Tag Archives: Value-added evaluations

The Same Thing Over and Over: Yglesias Edition

(with apologies to Rick Hess, who means exactly the opposite of me when he says it.)

Matt Yglesias is a liberal I’ve followed for years. He’s become more temperate since his signing the Harper’s letter, now that he’s realized how insane the progressive left has become.  But if you want a representative sample of why Democrats turned away from neoliberalism,  Yglesias is your guy. In his recent two part article that’s ostensibly about critical race theory, he rehashes the nostrums he’s been pushing his entire pundit life. Naturally, Twitter moderates were ecstatic. 

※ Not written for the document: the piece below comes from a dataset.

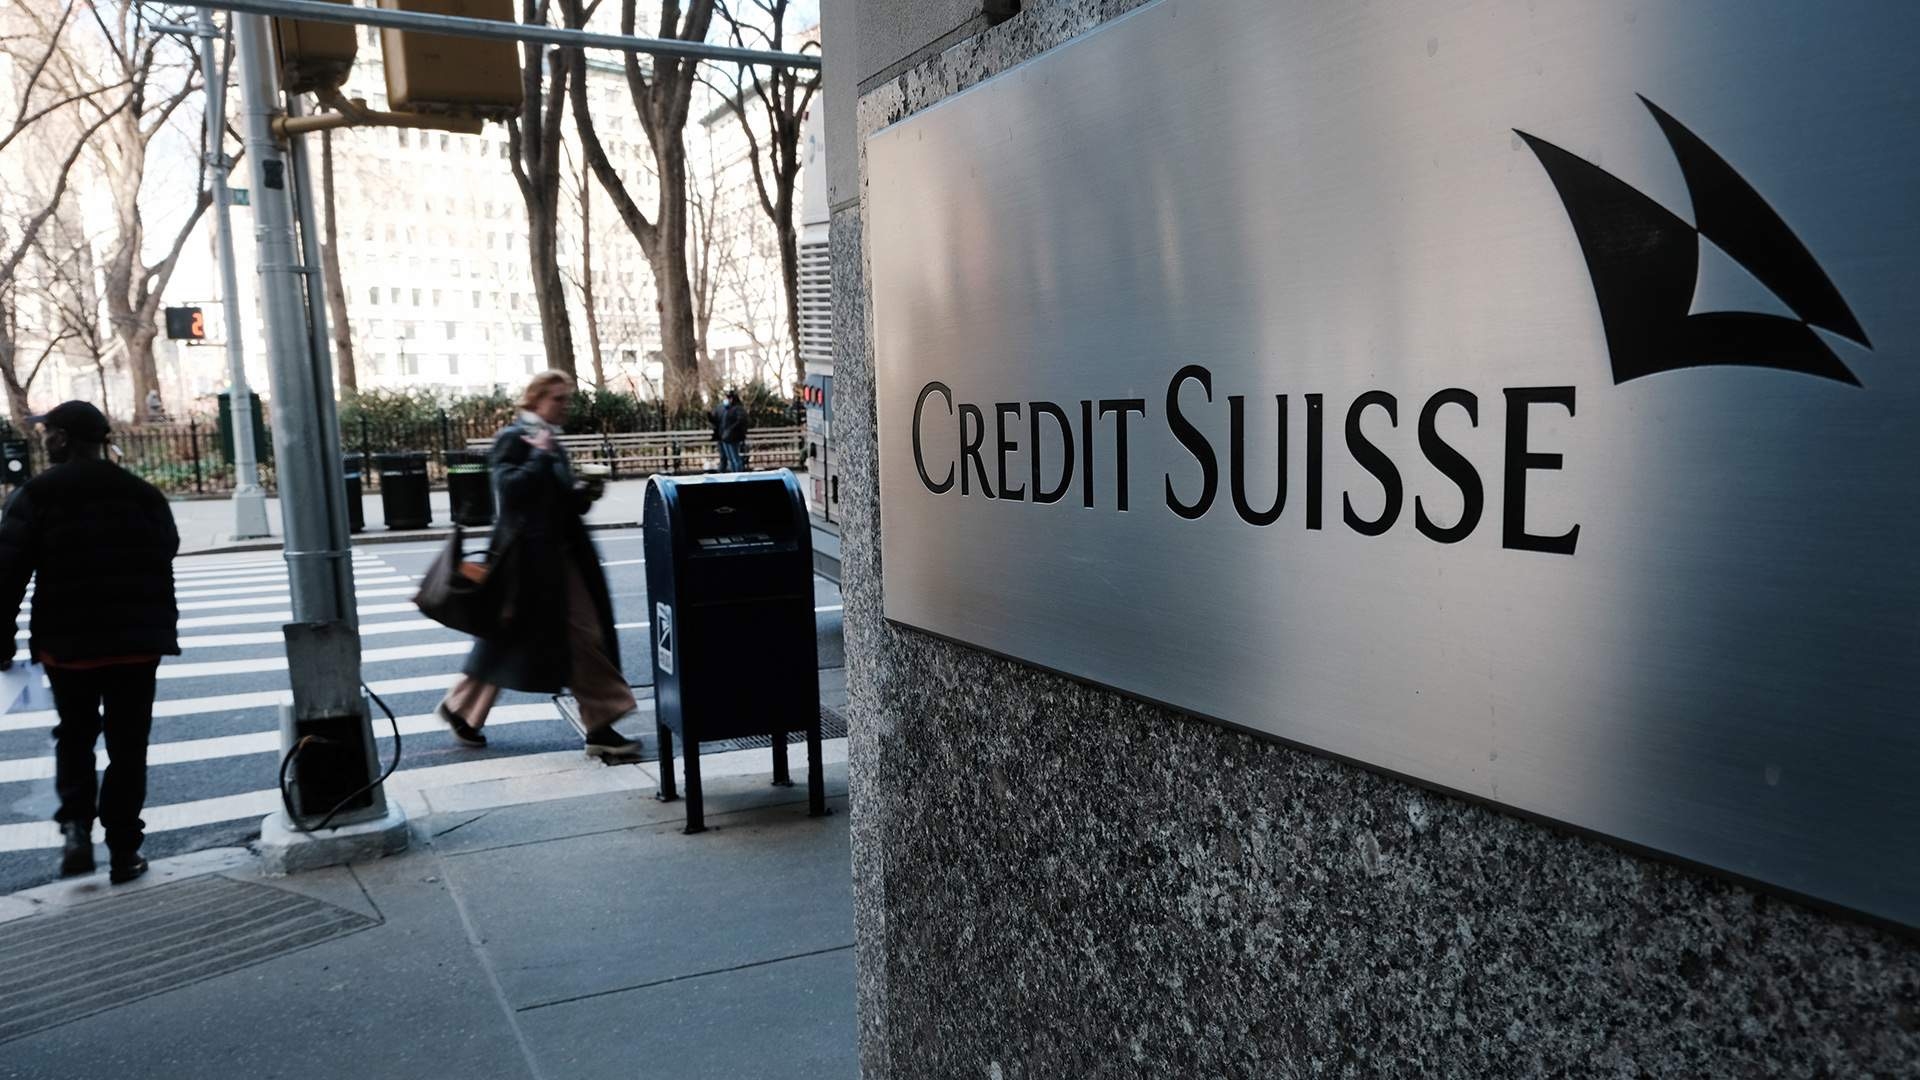 В Швейцарии решили национализировать банк Credit Suisse

If I wrote an angry takedown every time an ed reformer preached nonsense–well, I’d write more, so maybe I should. But Yglesias, despite making a few concessions I was happy to see, shocked me with his implicit….lies? misrepresentations?…ignorance? not sure which.

mattysin1

I really, really wish that people with megaphones could be reasonable about unions. It’s fine to hate them. It’s stupid to think they have much in the way of influence. It’s worse to pretend that education reform proposals failed because teacher unions prevent them. Most egregious of all is to pretend that charter school expansion and merit pay for teachers hasn’t been tried and rejected.

But this is just normal, ordinary middlebrow pabulum. This passage is shocking in its naivete, ignorance, or dishonest–take your pick.

mattysin9

I mean, my god. We have not yet been able to persuasively demonstrate through test scores that particulates, healthy meals,  or even air conditioning in the summer has any impact on student achievement, particularly not at a granular level. We’ve spent billions on free lunch programs and air conditioning and a host of other environmental adjustments. The achievement gap endures. Thestudents  tossed the healthy food in the trash.

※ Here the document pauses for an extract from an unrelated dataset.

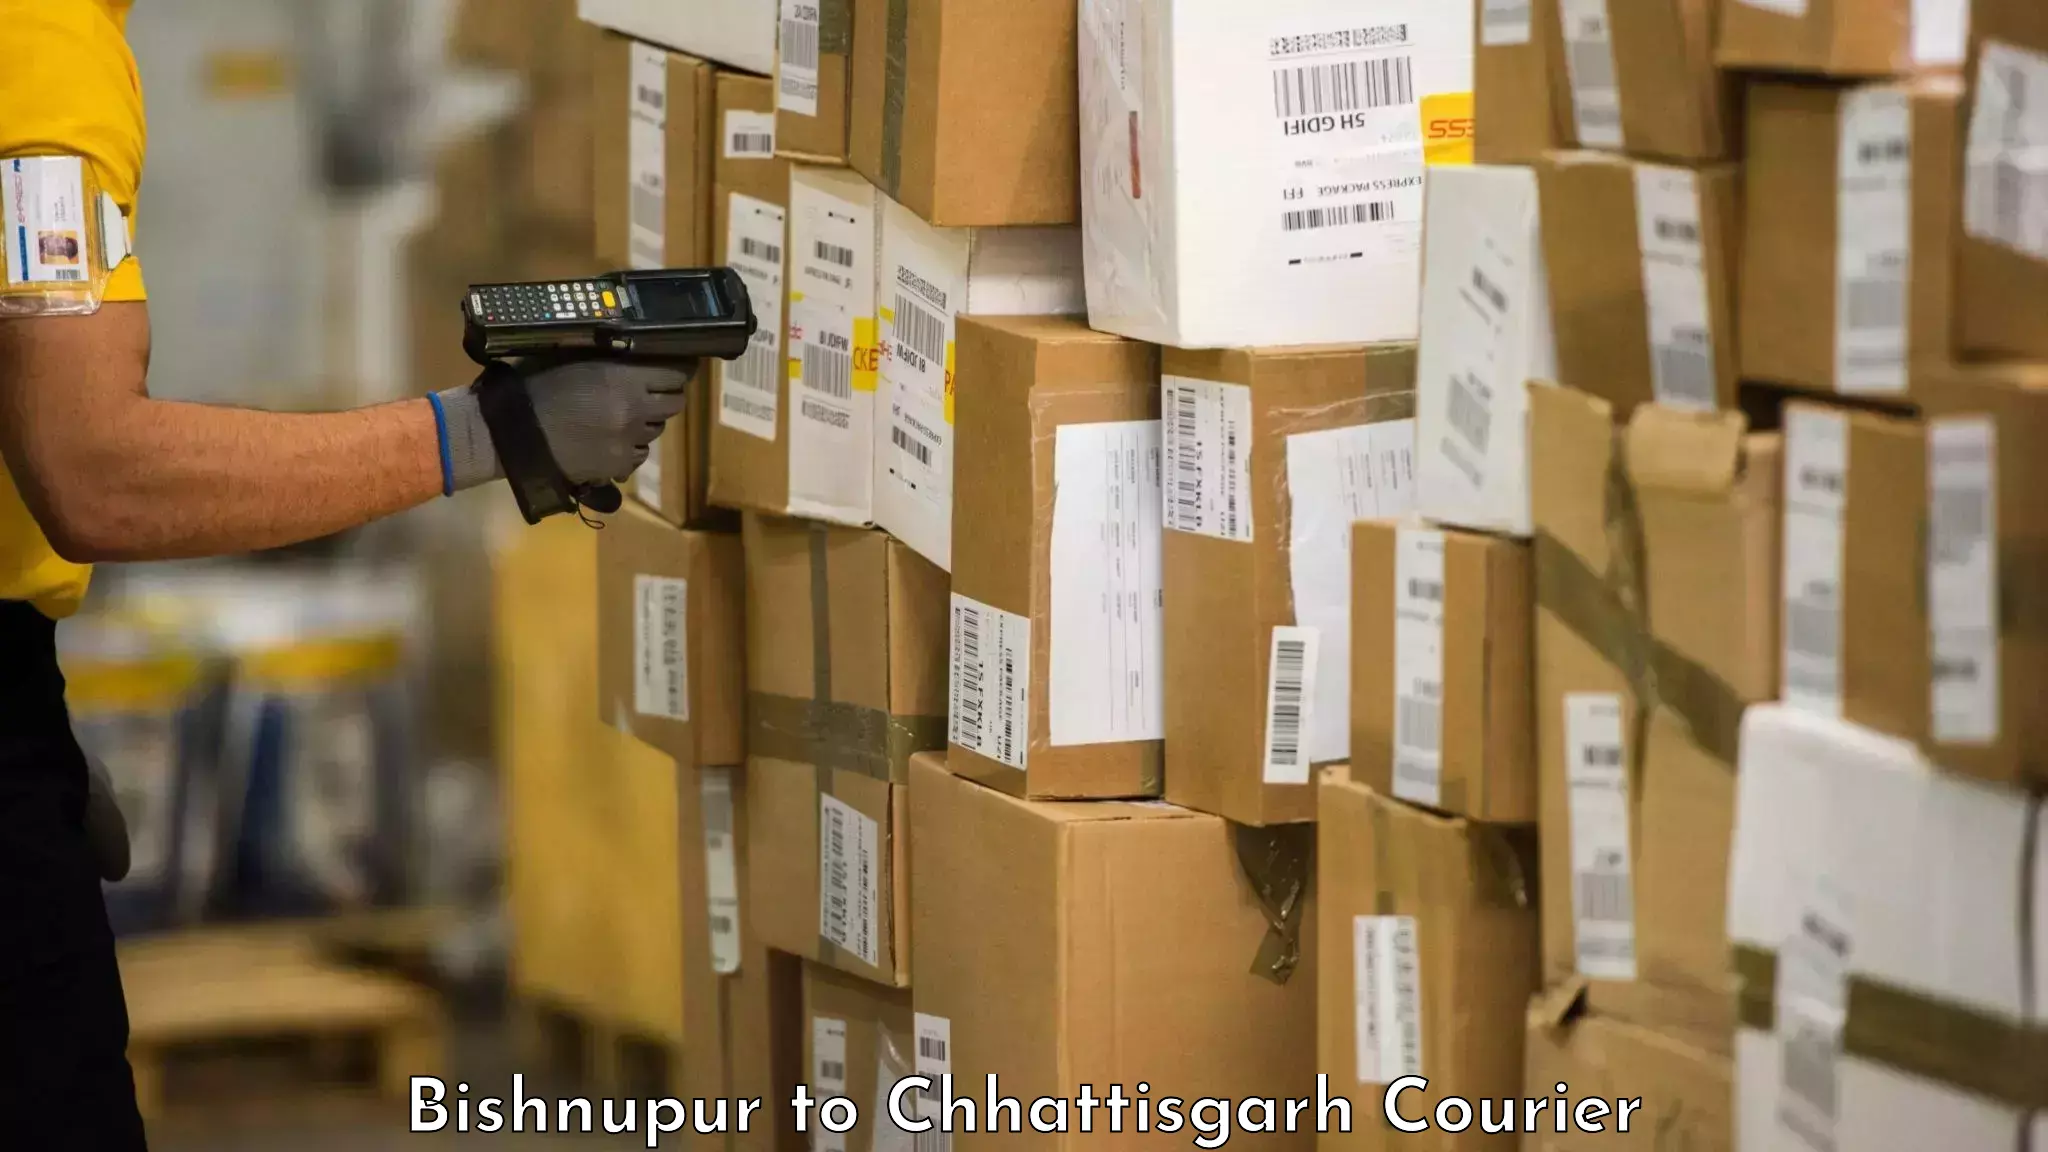 Baggage delivery estimate Bishnupur to Patna Chhattisgarh

As for standardized tests, surely the past thirty years of debate should have informed him that no, everyone does NOT agree that we can assess competence with a test.  Why else are colleges so insistent on committing affirmative action? Why did so many of them seize the opportunity of the George Floyd moment of righteousness to use  GPAs instead of SAT/ACT scores? Why are so many black activists angry about the “achievement gap”? A significant chunk of the institutional left believes those scores are lies–or at least unpleasant ephemera that can safely be ignored.

Most egregious: Measuring teacher impact via student achievement “would be uncontroversial”?  Doesn’t this sound like he thinks VAM would be this terrific, obvious improvement if only policy makers could stand up to unions and put this sucker in place?

The Obama administration wasn’t just “open” to value add–it mandated some form of student performance metrics to any state trying to qualify for Race to the Top funding. Forty three states complied with a strict form of value add by 2014. Twenty three states mandated student performance metrics for teacher tenure decisions. Teachers unions sued endlessly to stop these mandates, and lost, time and again. (Once more, with feeling: unions have no influence on their  own. They win when a major player agrees with them: districts, parents, or politicians.)  

The entire rationale for VAM was first popularized in “The Widget Effect“, an article that argued for more differentiation in teacher evaluations, since 99% of teachers got a good review. But data revealed that three years of VAM resulted in….99% of teachers getting a good review. When states didn’t water down the test component, principals simply juked the stats. 

Research isn’t the conclusive slam dunk that  Yglesias’s “uncontroversial” implies, either: 

  • RAND: VAM are not absolute indicators of teacher effectiveness and are imprecise.
    American Statistical Association: VAM measures correlation not causation, can change substantially based on model used, and show that teachers affect from 1-14% of variability in student test scores.
  • For a complete review, pro and con, of the research, Scott Alexander does his typical deep dive into VAM and finds it wanting, as does the great (and MIA) Spotted Toad.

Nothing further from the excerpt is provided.